Exactly as written, return all the data, leaving its pictures behind.

• RAW DATA:
==================================================
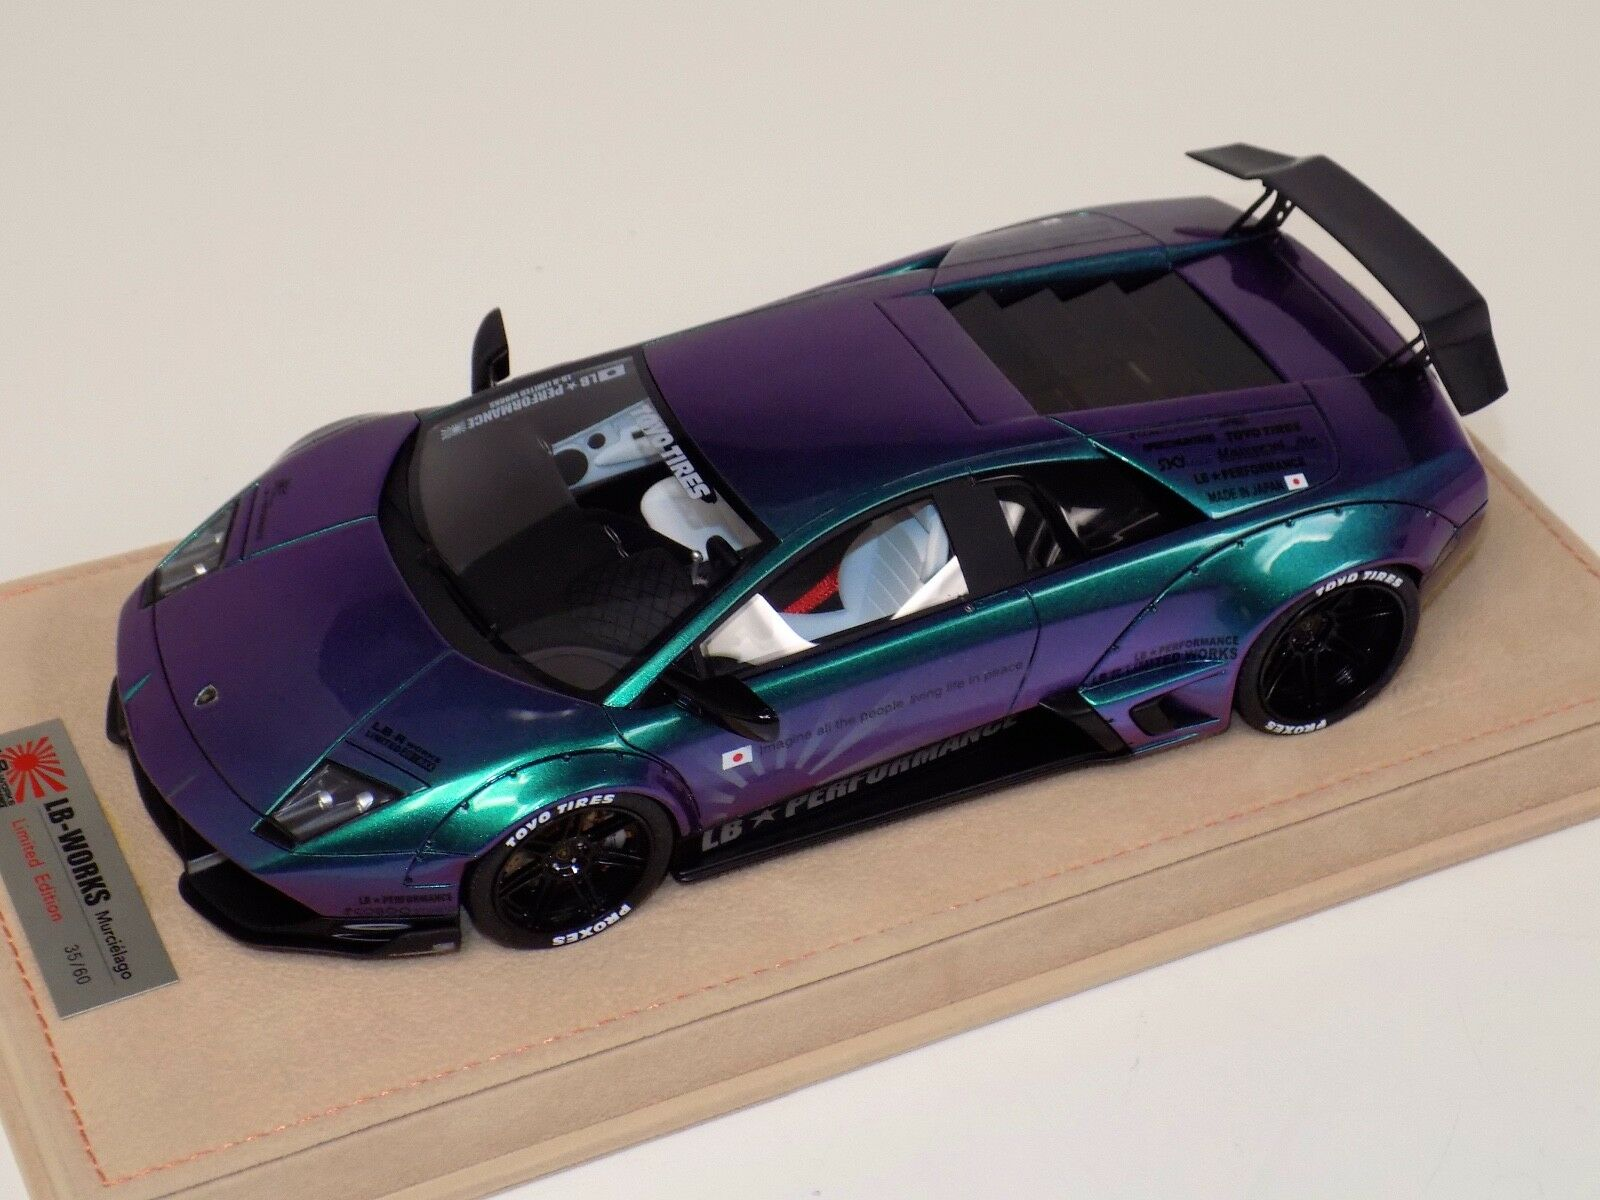 1 18 Lamborghini Murcielago Liberty Walk LB Performance in Chameleon  BBR or MR
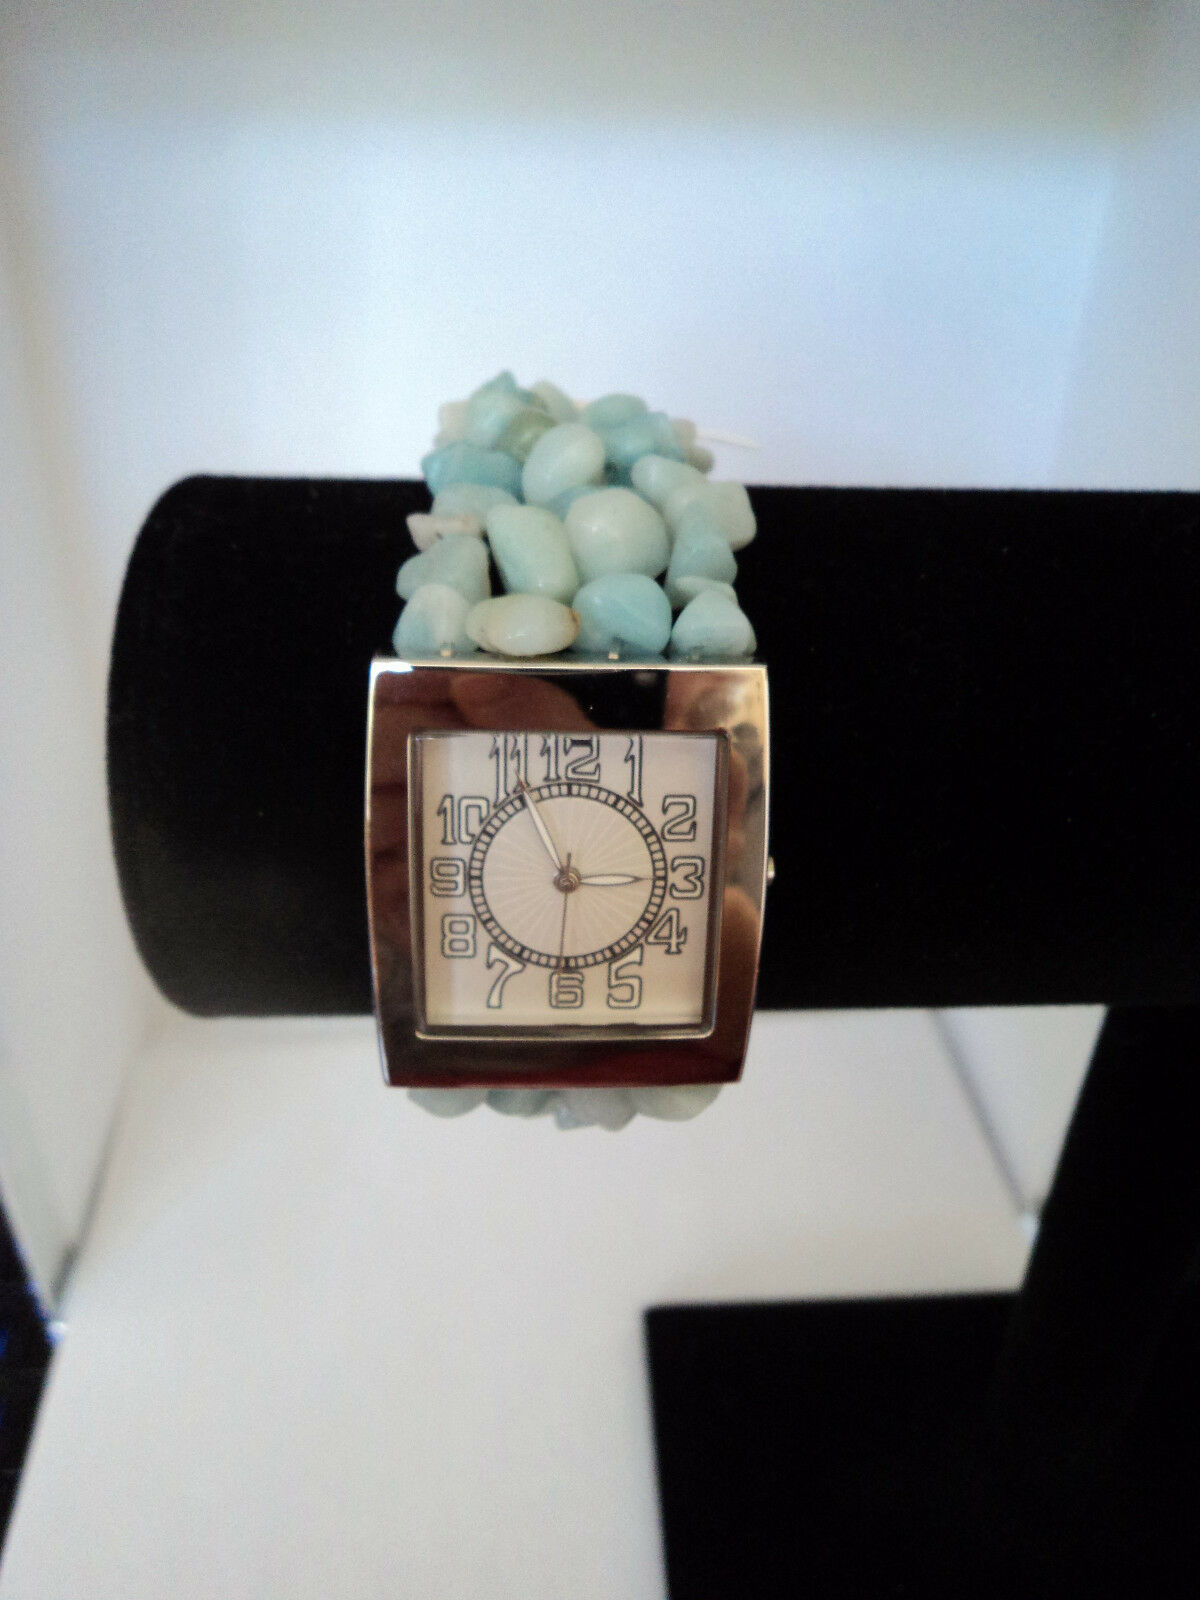 Avon Semi-Precious Chip Stretch Watch Green Needs Battery New 2007 Stock
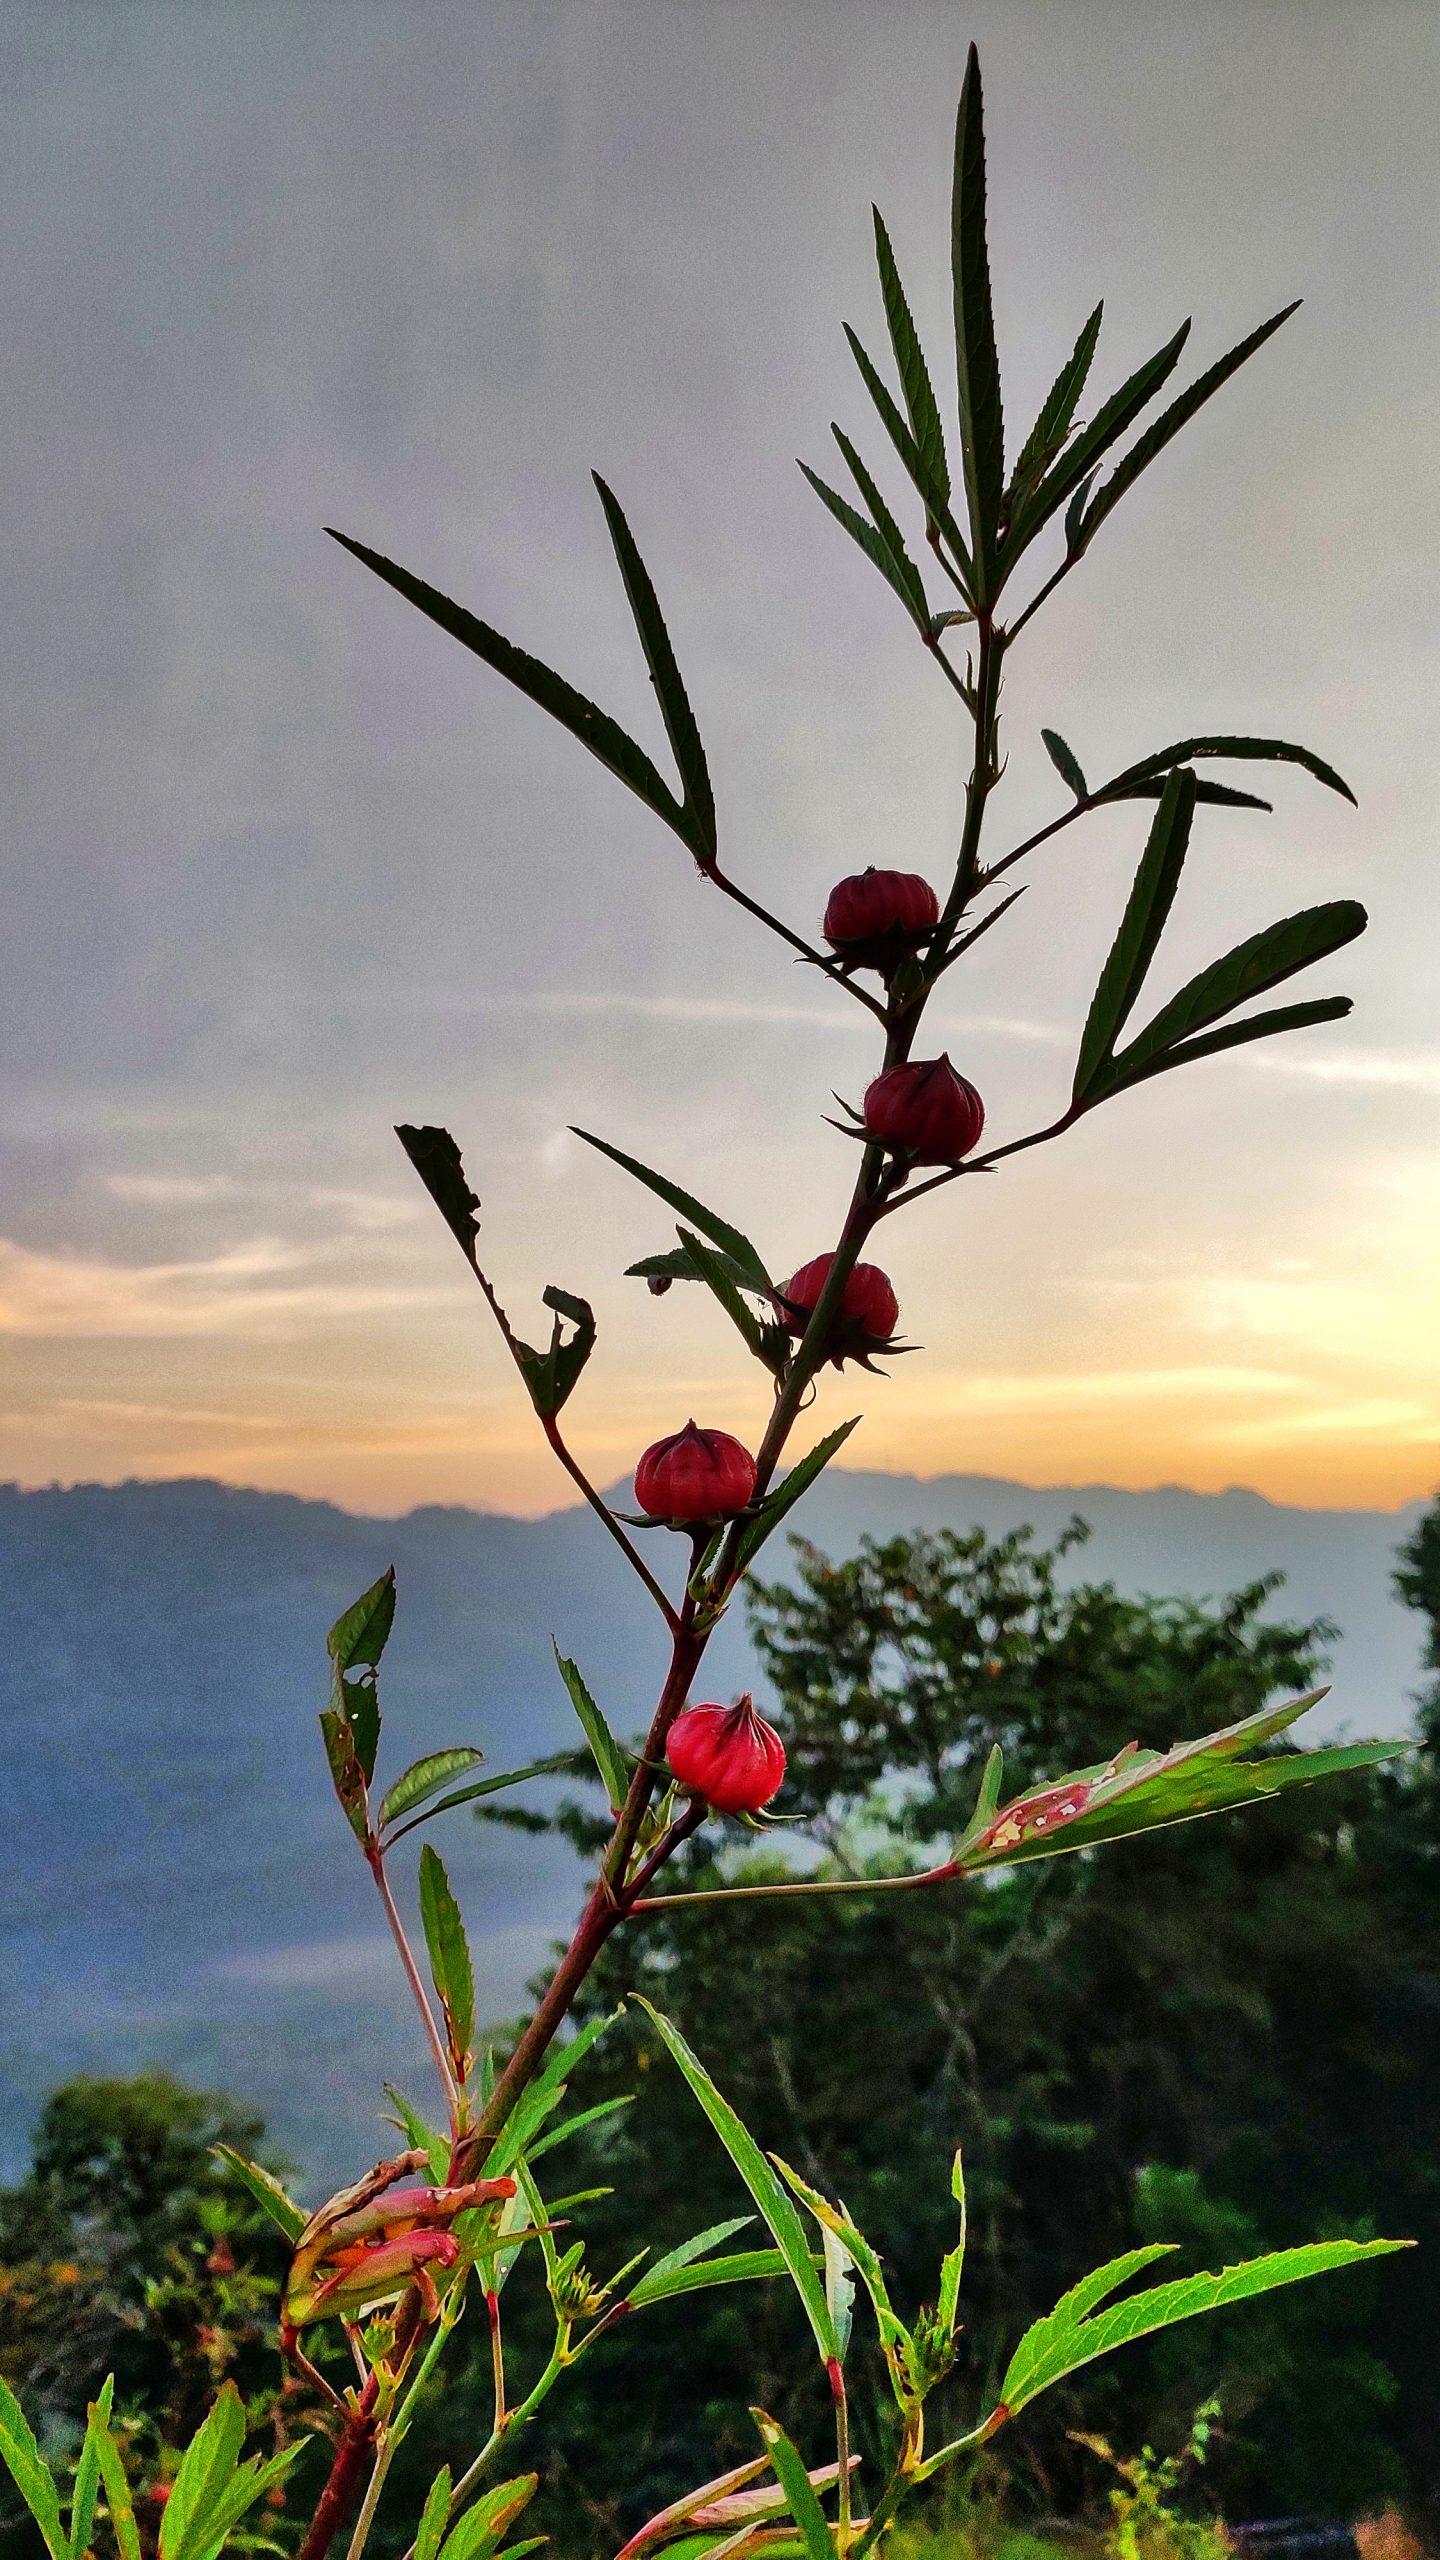 Flower buds with beautiful sky
==================================================
• WRITTEN ANSWER:
 1 18 Lamborghini Murcielago Liberty Walk LB Performance in Chameleon  BBR or MR
 Avon Semi-Precious Chip Stretch Watch Green Needs Battery New 2007 Stock
 Flower buds with beautiful sky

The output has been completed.